* **Task**:
Write out the full listing exactly as given, minus the images.

* **Information provided**:

==============================

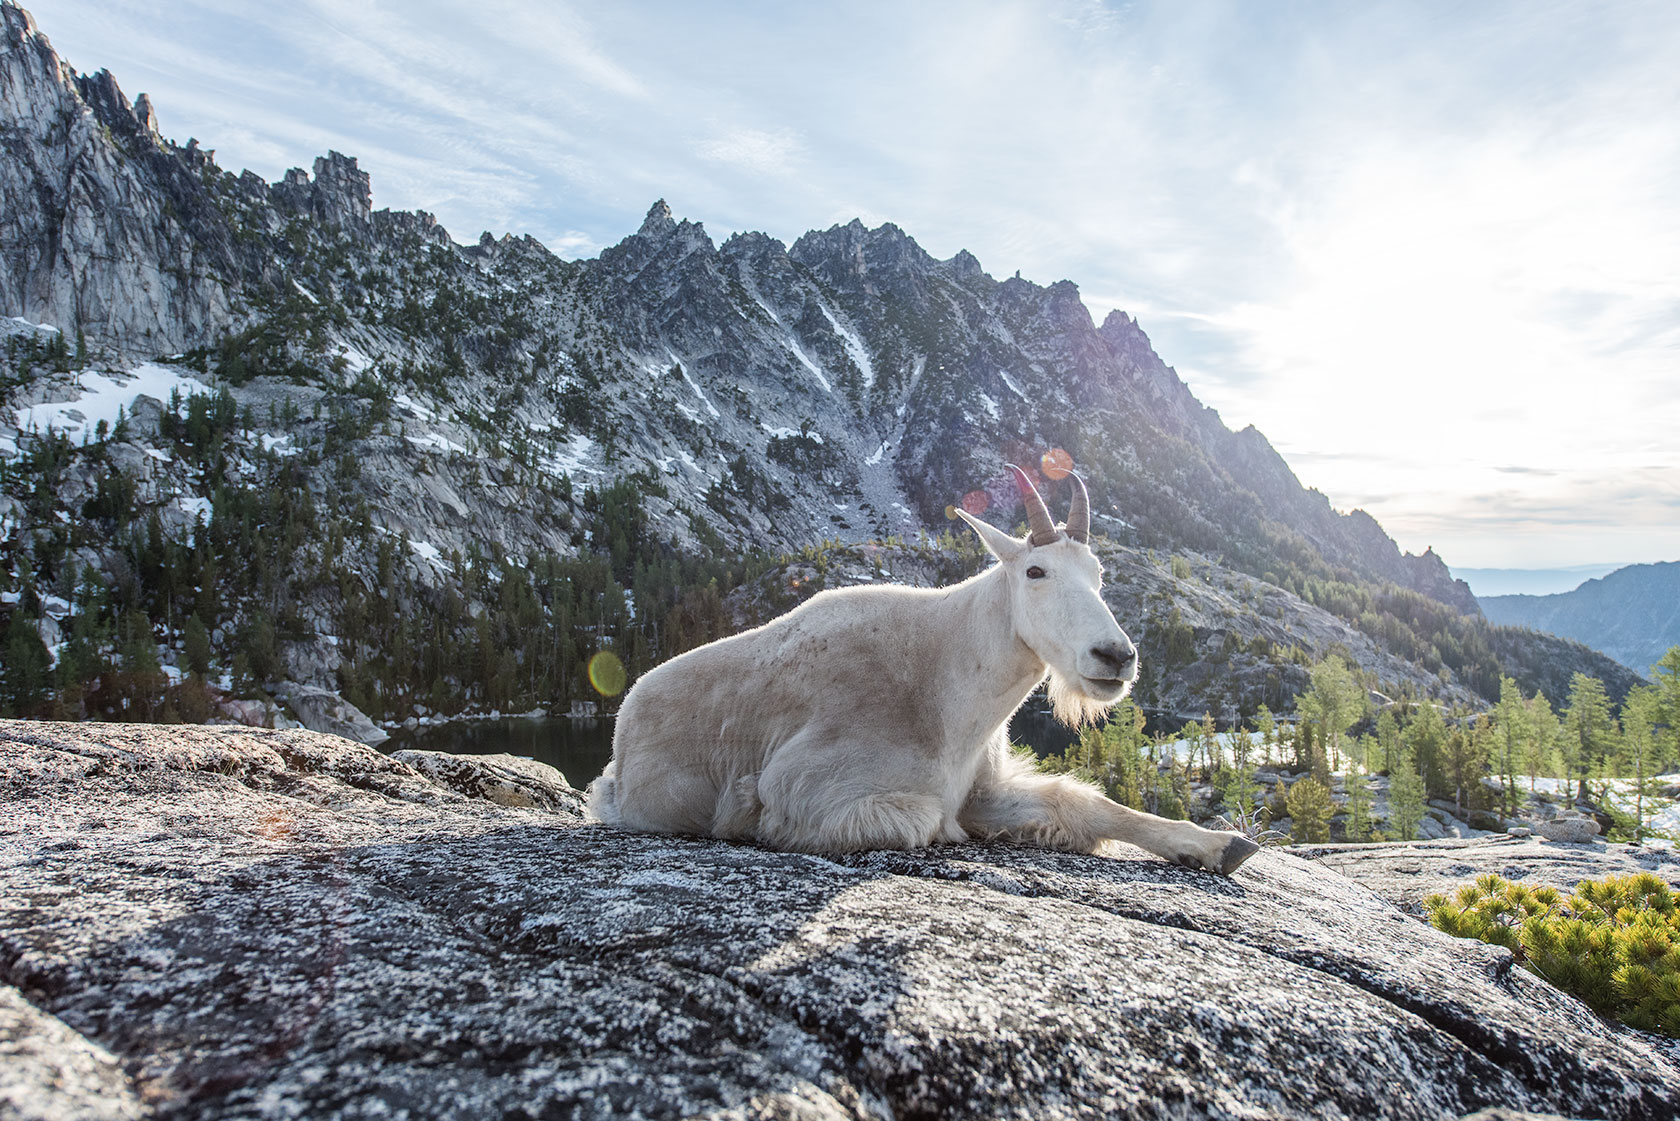 austin-trigg-osprey-hiking-backpacks-washington-lifestyle-morning-adventure-outdoor-active-hike-camp-sunrise-enchantments-mountain-goat.jpg
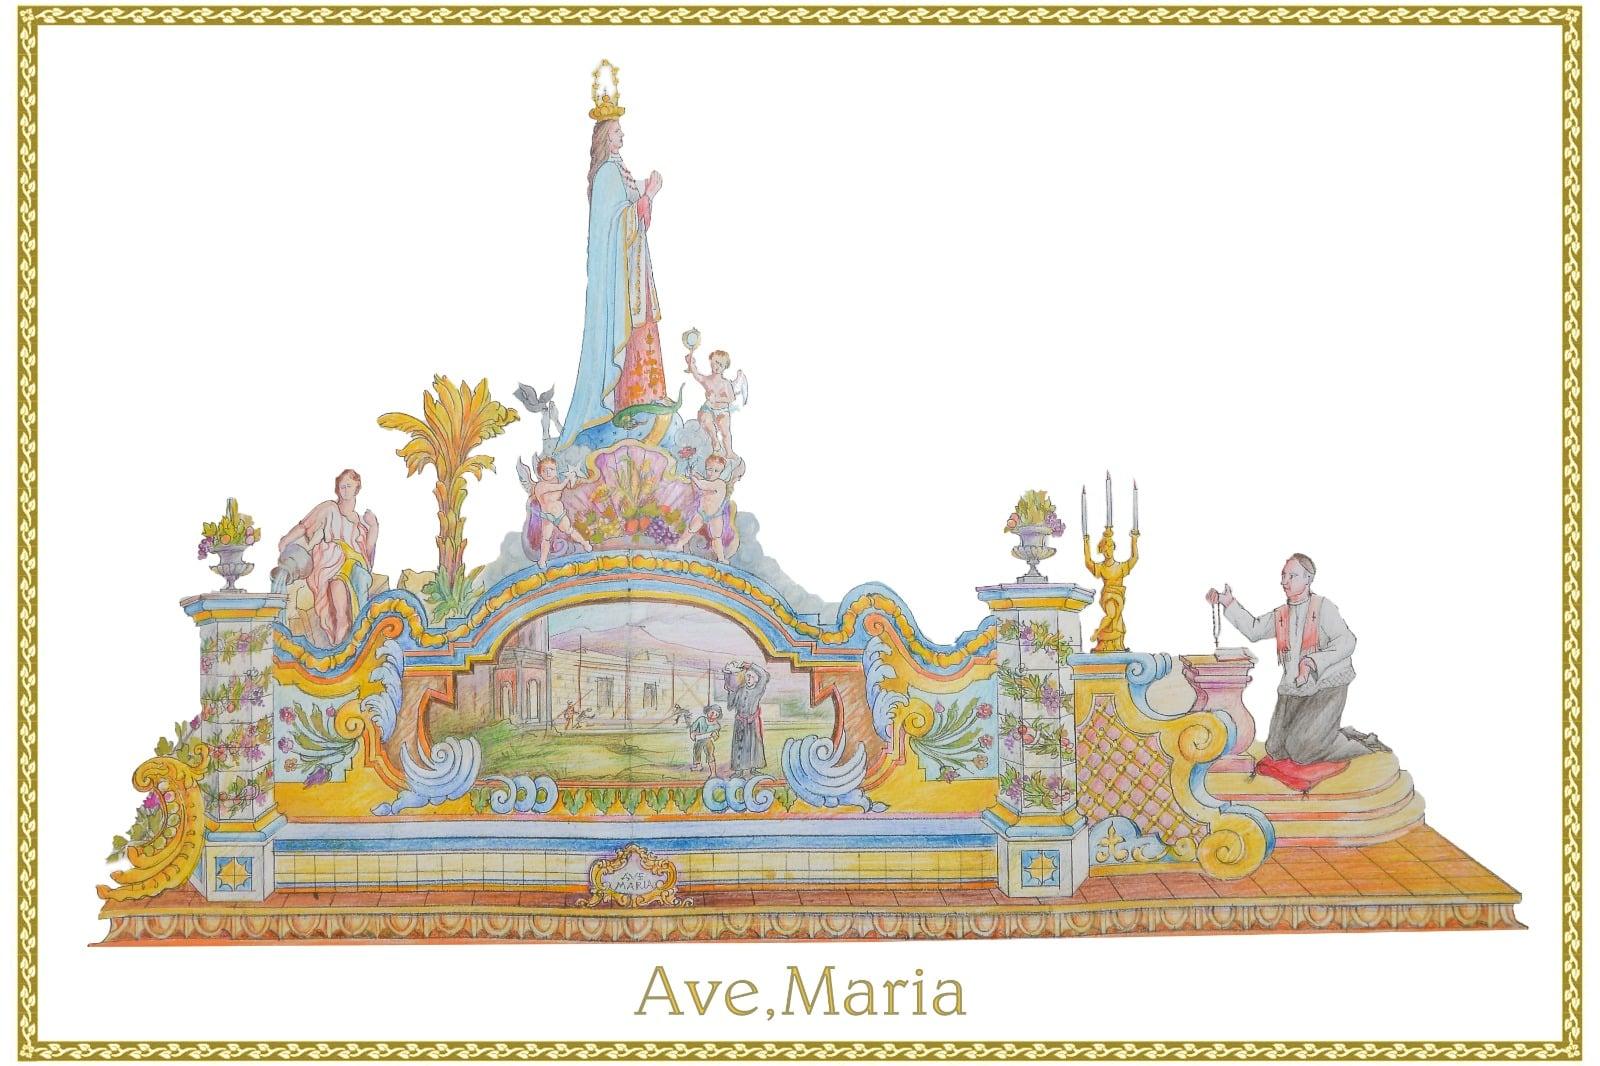 Il Covid ferma la processione dell'Immacolata: niente corteo l'8 dicembre
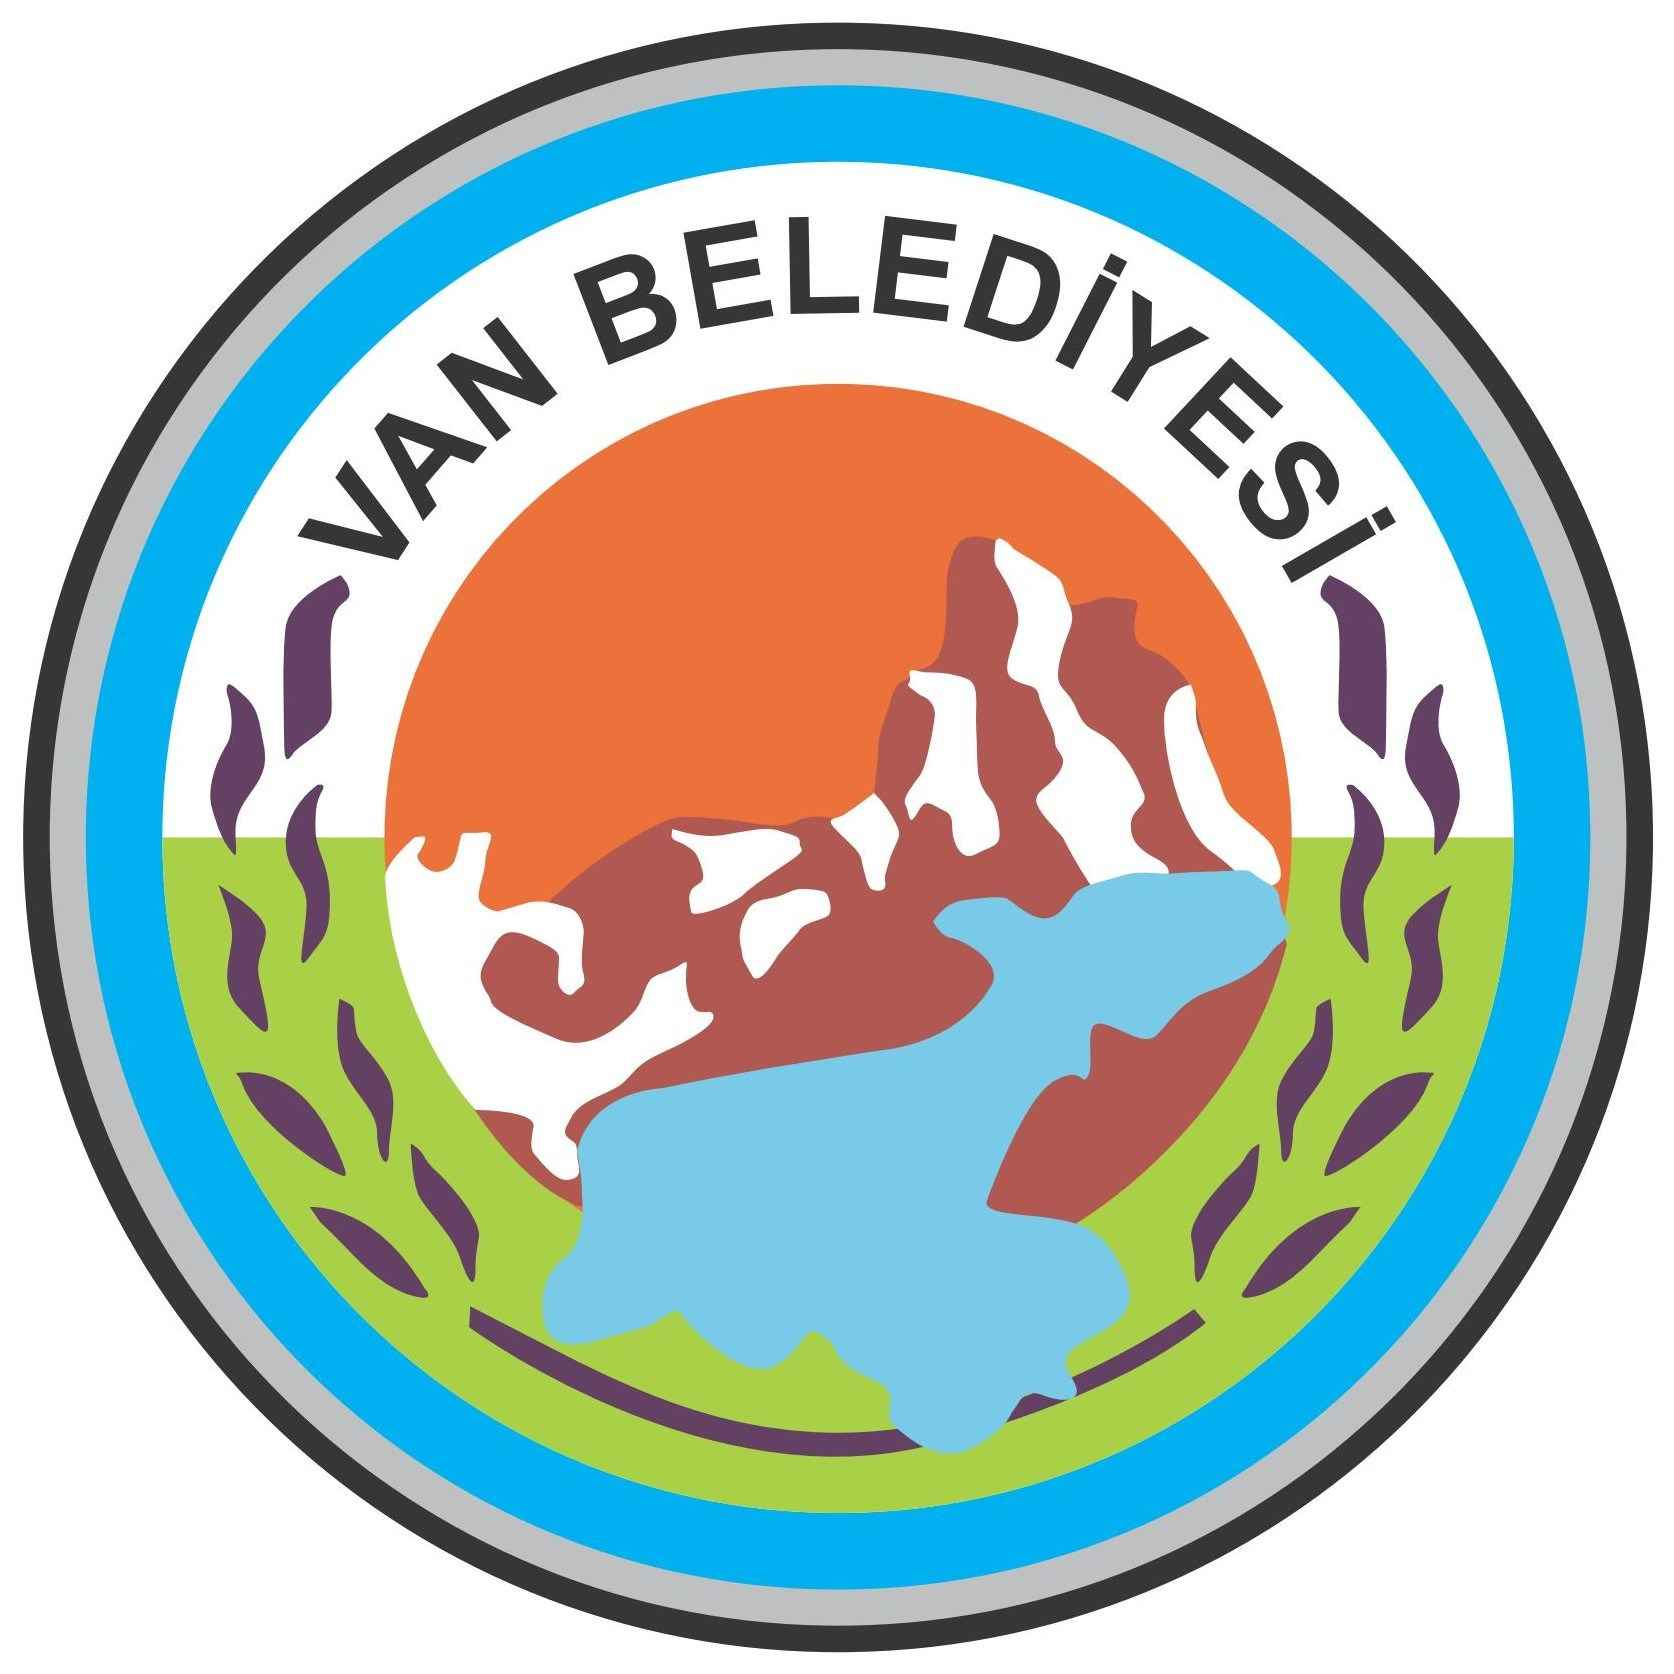 Van Büyükşehir Belediyesi Logo [EPS File] png

==============================

* **Answer area**:
 austin-trigg-osprey-hiking-backpacks-washington-lifestyle-morning-adventure-outdoor-active-hike-camp-sunrise-enchantments-mountain-goat.jpg
 Il Covid ferma la processione dell'Immacolata: niente corteo l'8 dicembre
 Van Büyükşehir Belediyesi Logo [EPS File] png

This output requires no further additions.